1) Allow for an optional schema definition that allows mongodb to tokenize all fieldnames up front and do simple fieldname conversion driver side. This would have to be defined on collection creation.
2) Let MongoDB dynamically manage the fieldname dictionary as fields are added/removed, etc.

The latter option is completely transparent and a definite space saver but I'd be very worried about insert/upsert performance. Option 1) is not that compatible with the mongodb schemaless philosophy in my opinion but it wouldn't have dramatic performance issues.

Comment by Tomasz Nurkiewicz [ 01/Apr/11 ]

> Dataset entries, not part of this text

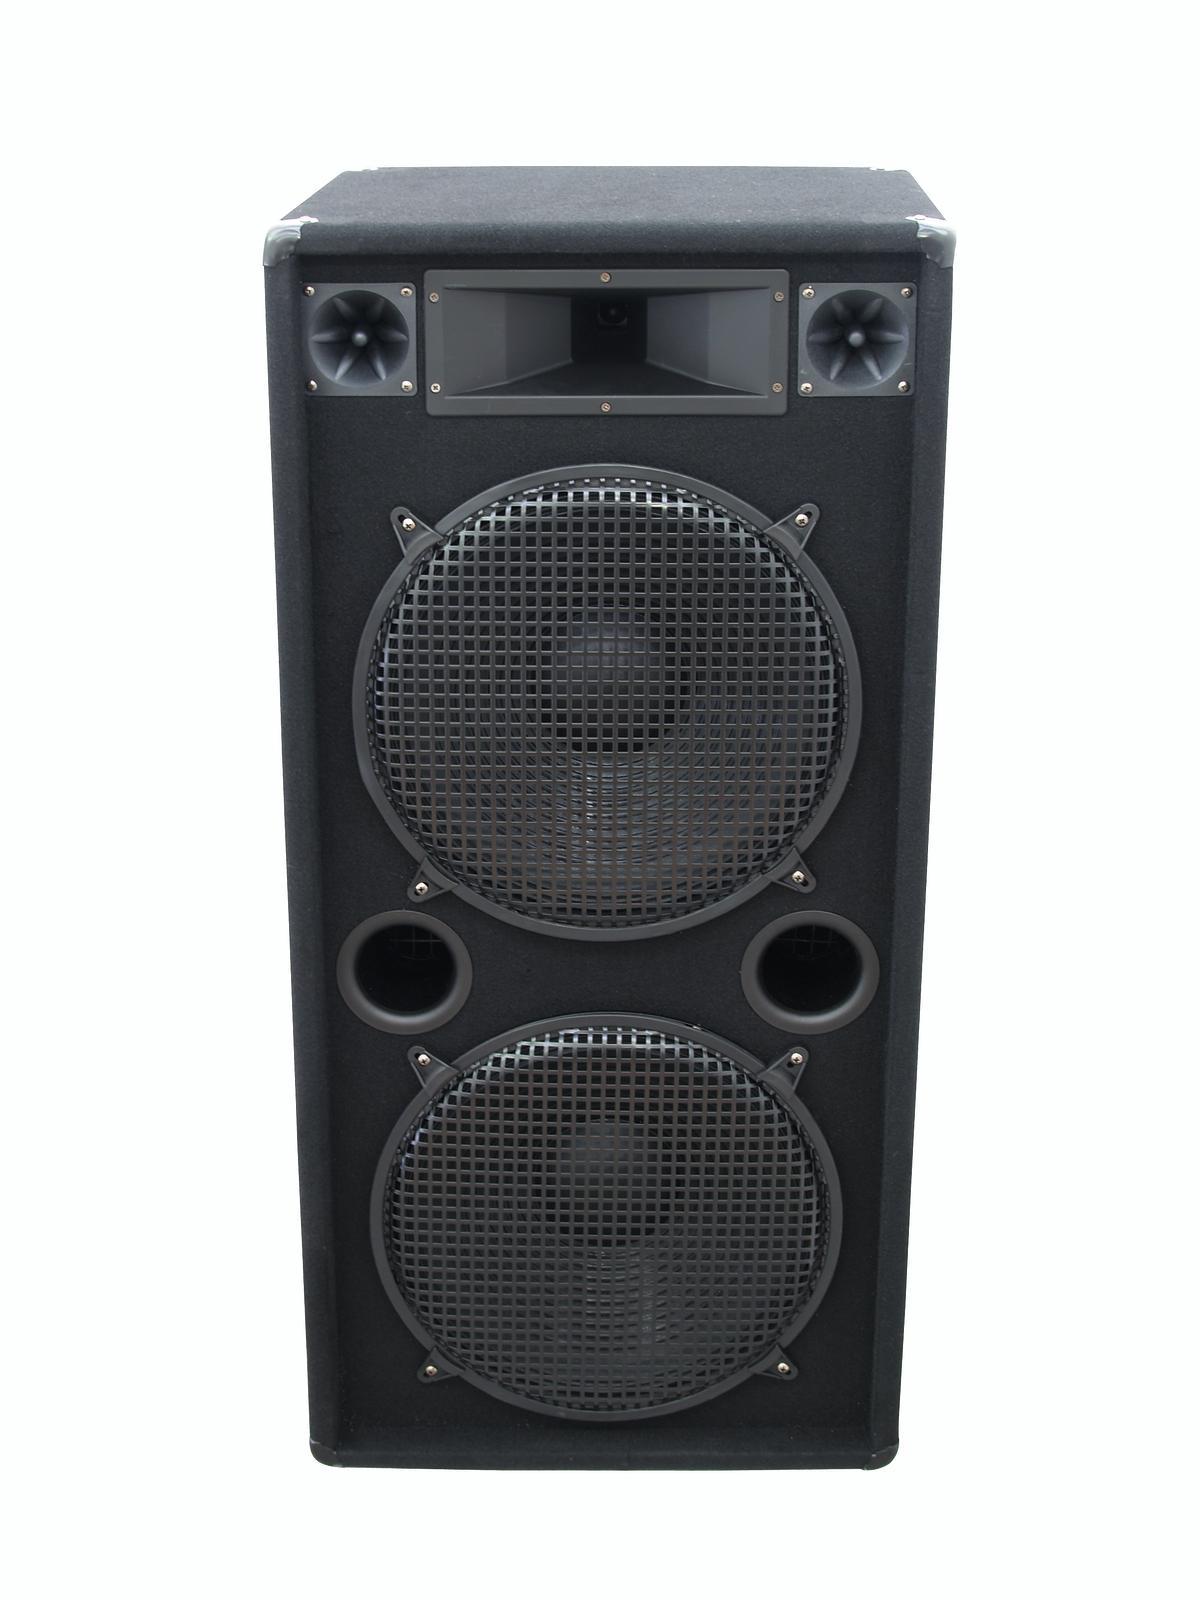 OMNITRONIC DX-2522 3-Wege Box 1200 W
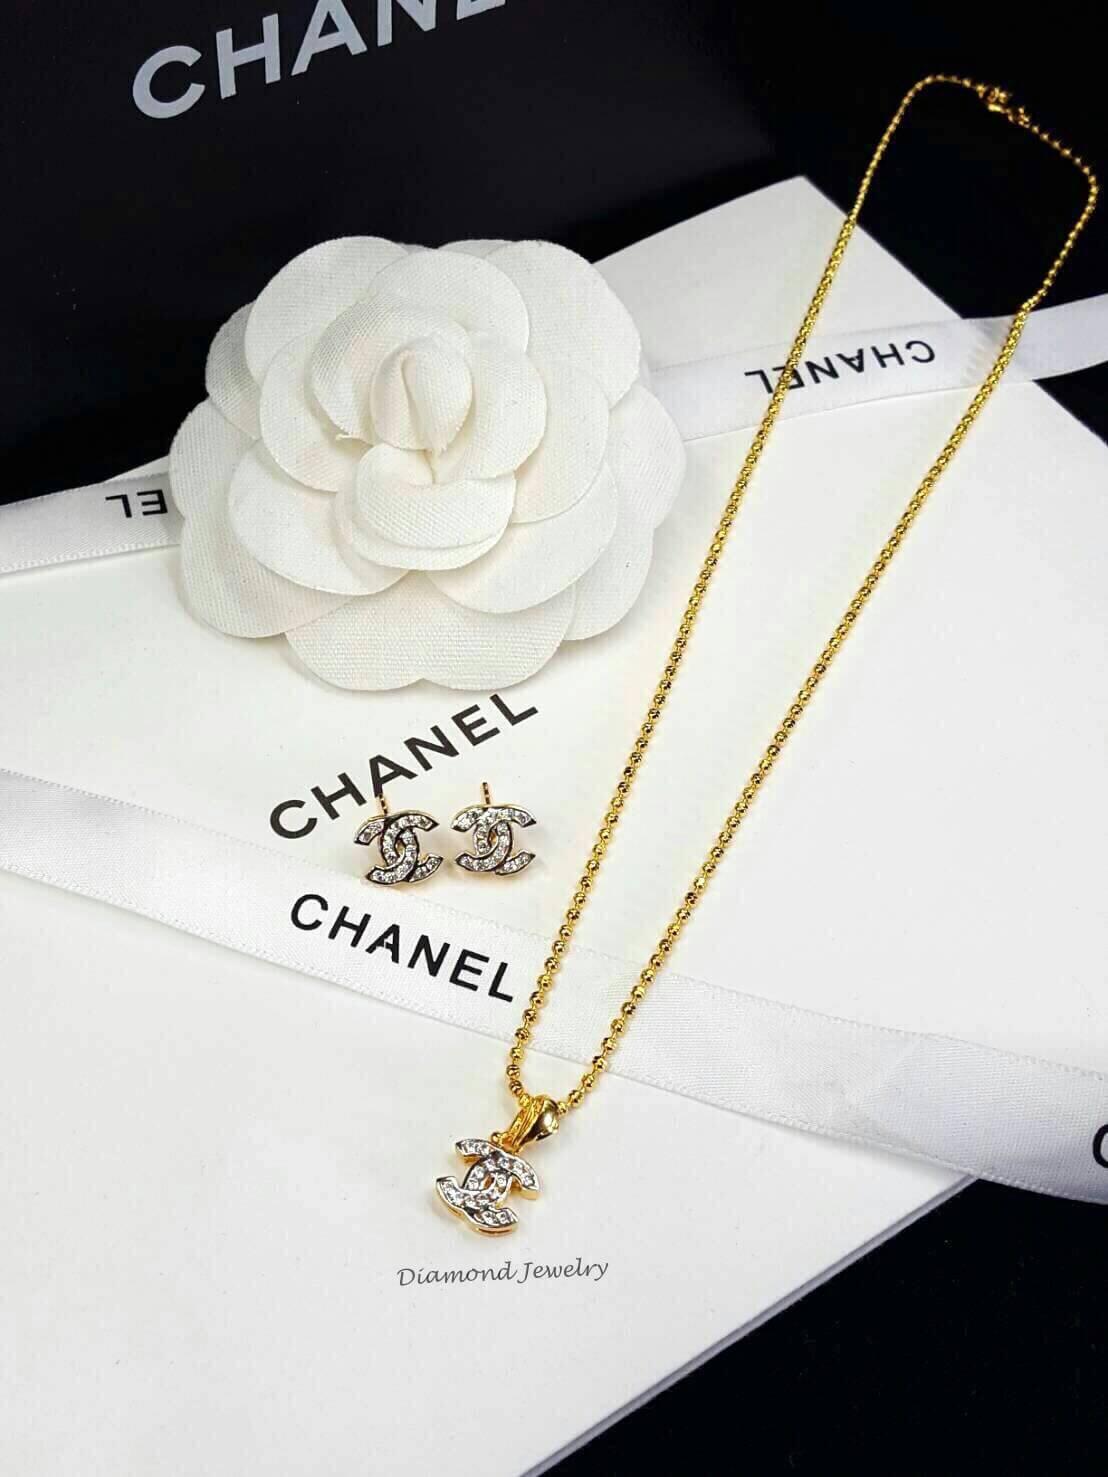 พร้อมส่ง ต่างหู & สร้อย & จี้ Chanel รุ่นมินิ
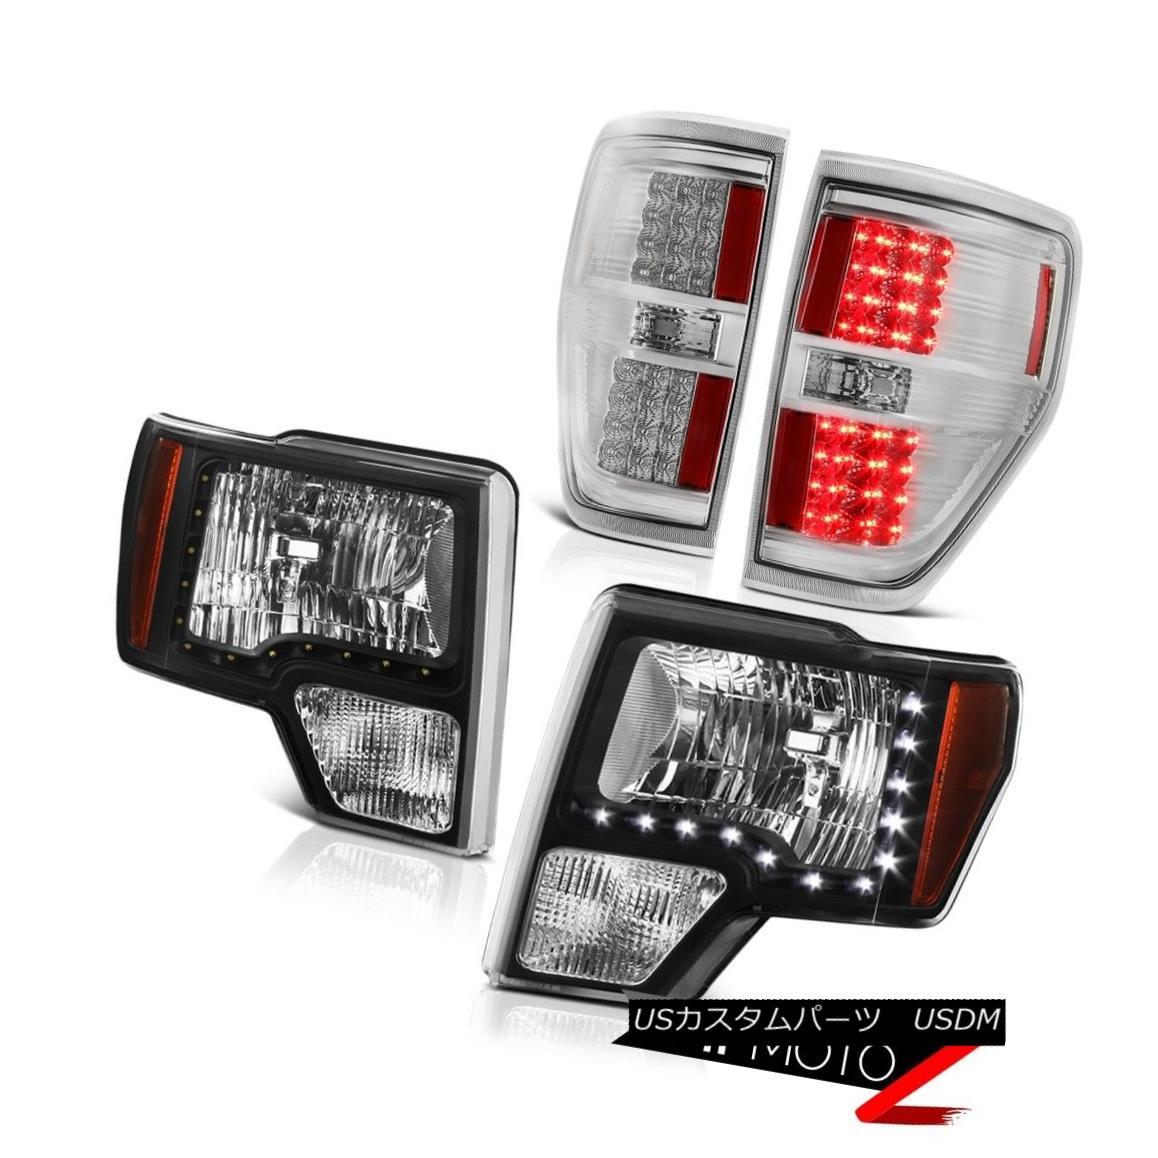 テールライト 2009-2014 Ford F150 Raptor LED SMD DRL Strip Head Lights LED Chrome Tail Lights 2009-2014フォードF150ラプターLED SMD DRLストリップヘッドライトLEDクロームテールライト

I would recommend managing field names dictionary per collection only on the server side and leave client-server wire protocol backward compatible (sending field names dictionary to the client might a be an idea for the future). So instead of storing a field names several times, 1 or 2 bytes would be used as an index in the dictionary. One byte should be enough for most of the documents, while I can't think of any document exceeding 64K different field names.

To further compact the data 1 byte might be used for lower 127 fields and 2 bytes (UTF-8-like encoding) for fields with indexes above 128 (highest bit of first byte decides). One can even think of pushing most frequent fields at the beginning of field names dictionary.

Keeping the changes only on the server side for now wouldn't affect existing clients/drivers while providing great speed/capacity boost. I can easily imagine database where descriptive field names occupy 50% or more database space. On the other hand shortening field names into cryptic, 2-3 letter codes is no advice.

IMHO indexing field names and storing them once only in dictionary per collection is completely orthogonal to document schema if they will ever be introduced. This is just a internal and transparent storage optimization.

Comment by Andrew Armstrong [ 02/Apr/11 ]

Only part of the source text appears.